Production CQRS systems are fast when each query has one clear job. The event
store is optimized for command execution and sequential replay. User-facing
screens should query read models that were built from the event log.

## Framework Query Shape

The SQL event-store adapters use these hot paths:

| Operation                                       | Query shape                                                           | Required access path                              |
| :---------------------------------------------- | :-------------------------------------------------------------------- | :------------------------------------------------ |
| Load one aggregate stream                       | `WHERE aggregate_type = ? AND aggregate_id = ? ORDER BY revision ASC` | `UNIQUE (aggregate_type, aggregate_id, revision)` |
| Check current stream revision                   | `MAX(revision)` for one `aggregate_type` and `aggregate_id`           | Same stream uniqueness index                      |
| Replay new global events for one aggregate type | `WHERE aggregate_type = ? AND sequence > ? ORDER BY sequence ASC`     | `INDEX (aggregate_type, sequence)`                |
| Load latest global rows for a small ledger view | `ORDER BY sequence DESC LIMIT n`                                      | Primary key on `sequence`                         |
| Load or save checkpoints                        | `projection_name` point lookup/upsert                                 | Primary key on `projection_name`                  |
| Load or save idempotency state                  | `idempotency_key` point lookup/upsert                                 | Primary key on `idempotency_key`                  |
| Load or save snapshots                          | `(aggregate_type, aggregate_id)` point lookup/upsert                  | Primary key on `(aggregate_type, aggregate_id)`   |

The framework schema creates a global replay index on `(aggregate_type,
sequence)` because projection replay is aggregate-type scoped.
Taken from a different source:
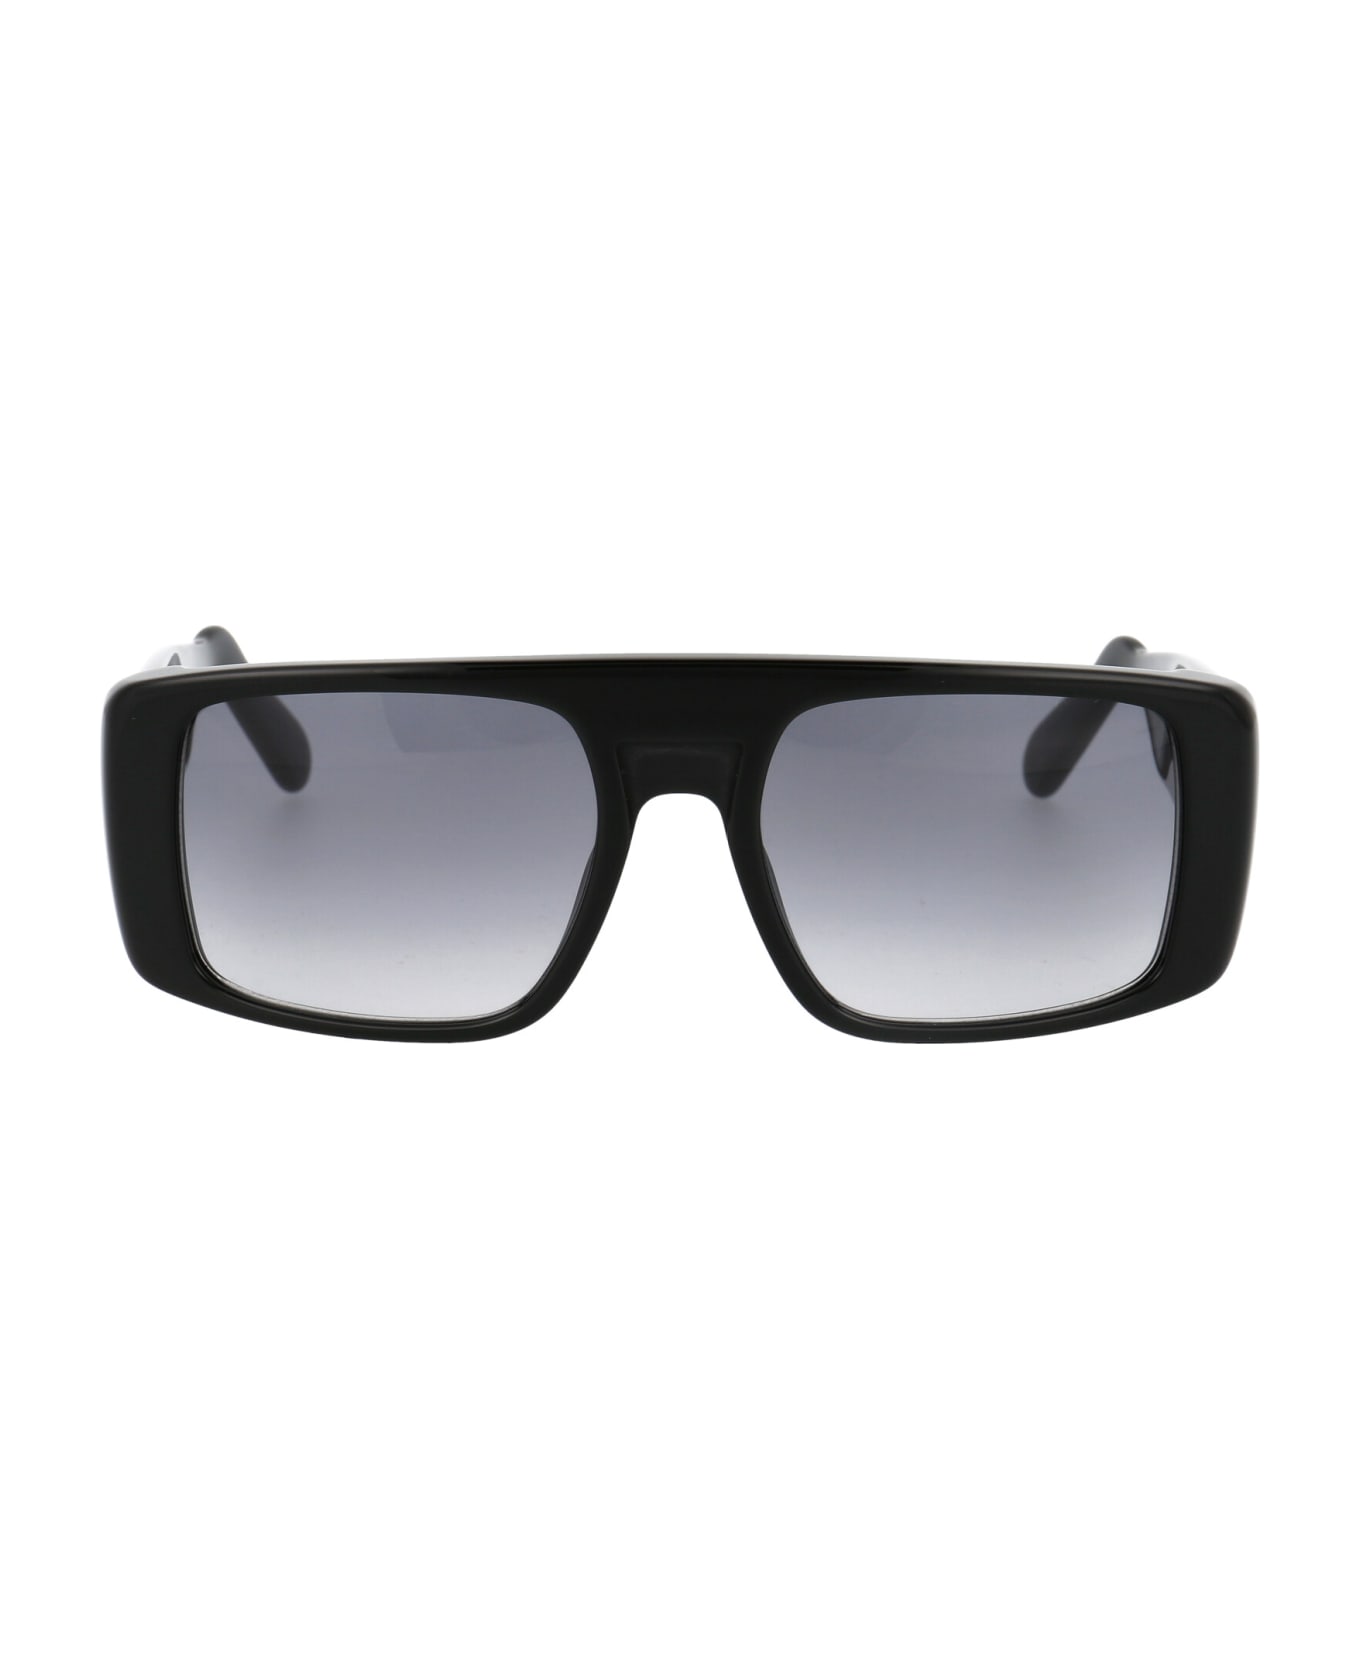 GCDS Gd0006 Sunglasses - 01B BLACK

The stream
uniqueness constraint already covers stream loads, so a second identical stream
index is unnecessary in fresh schemas. Schema migration v6 removes the old
duplicate `{events_table}_stream_idx` index when it exists:

* SQLite and PostgreSQL drop `{events_table}_stream_idx` directly with `DROP
  INDEX IF EXISTS`.
* MySQL discovers non-unique indexes whose ordered columns are exactly
  `(aggregate_type, aggregate_id, revision)` and drops only those duplicates,
  preserving the unique stream constraint and the global replay index.

## Bounded Projection Replay

`EventStore::load_global_after` and projection runner `run(...)` methods remain
available for compatibility, but they load the full backlog after the
checkpoint. Production workers should prefer the bounded APIs:

```rust theme={null}
use ddd_cqrs_es::ProjectionBatchConfig;

let config = ProjectionBatchConfig::default();
let outcome = runner.run_batch::<BankAccount, _>(&event_store, config)?;

if !outcome.caught_up {
    // Schedule another batch immediately or let the worker loop continue.
}
```

The default batch size is `500`. SQL adapters apply `LIMIT`, Redis uses
`ZRANGEBYSCORE ... LIMIT`, and the in-memory store uses iterator `take`, so the
bounded path avoids fetching an unbounded tail in production adapters.

## Read Models Own Product Queries

Do not turn the event table into an ad hoc reporting database. Avoid these
patterns on hot paths:

* Filtering or sorting by fields inside `payload` JSON.
* Joining the event table directly into product screens.
* Replaying a full stream on every read request once the stream can grow large.
* Loading all global events just to show a small read-model value.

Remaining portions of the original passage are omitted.